江銘對於這個情況有些疑惑,畢竟按照他所掌握的情況來看,童話故事這種東西,應該只會出現在皇后的校區來著。
不過……
這時,江銘突然想起了之前大壯說的一番話,眼神微動:
「之前大壯說他的二叔去了一趟皇后校區,那說不定這隻大灰狼就是他的二叔帶回來的,又或者說……」
江銘看著前方正在呼呼大睡的大灰狼,眼中露出一絲懷疑之色:
「如果這隻大灰狼就是大壯的二叔呢?」
這種情況雖然可能有些抽象,但是也不是不可能。
江銘對於眼下的情況有些搞不清楚,不過值得慶幸的一點是,在剛剛大灰狼把大壯吃了之後,原本江銘動彈不得的身體變得能夠重新活動了。
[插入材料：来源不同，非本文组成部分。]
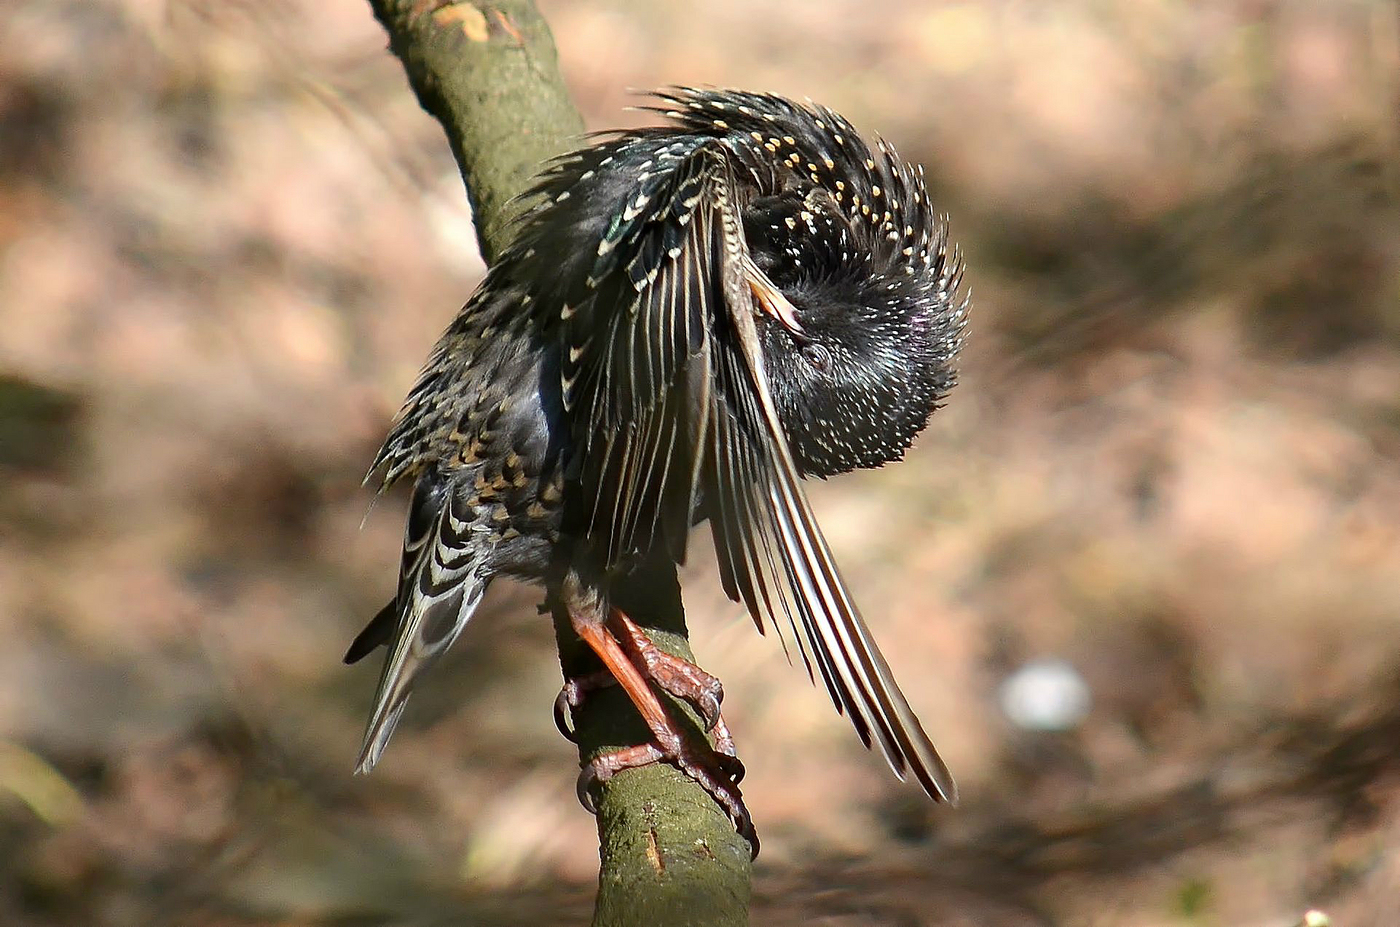 Starling cleans feathers

而且江銘目光看向前方的大灰狼,大腦飛速運轉之下,也在這個時候發現了剛剛沒來得及深思的地方。
那就是剛剛他和大壯分道揚鑣的時候,大壯就已經進入了這間屋子裡。
而江銘選擇了跑路,雖然因為某種不知名原因江銘沒能夠跑掉,但是毫無疑問的是,當時江銘已經離開了一段時間。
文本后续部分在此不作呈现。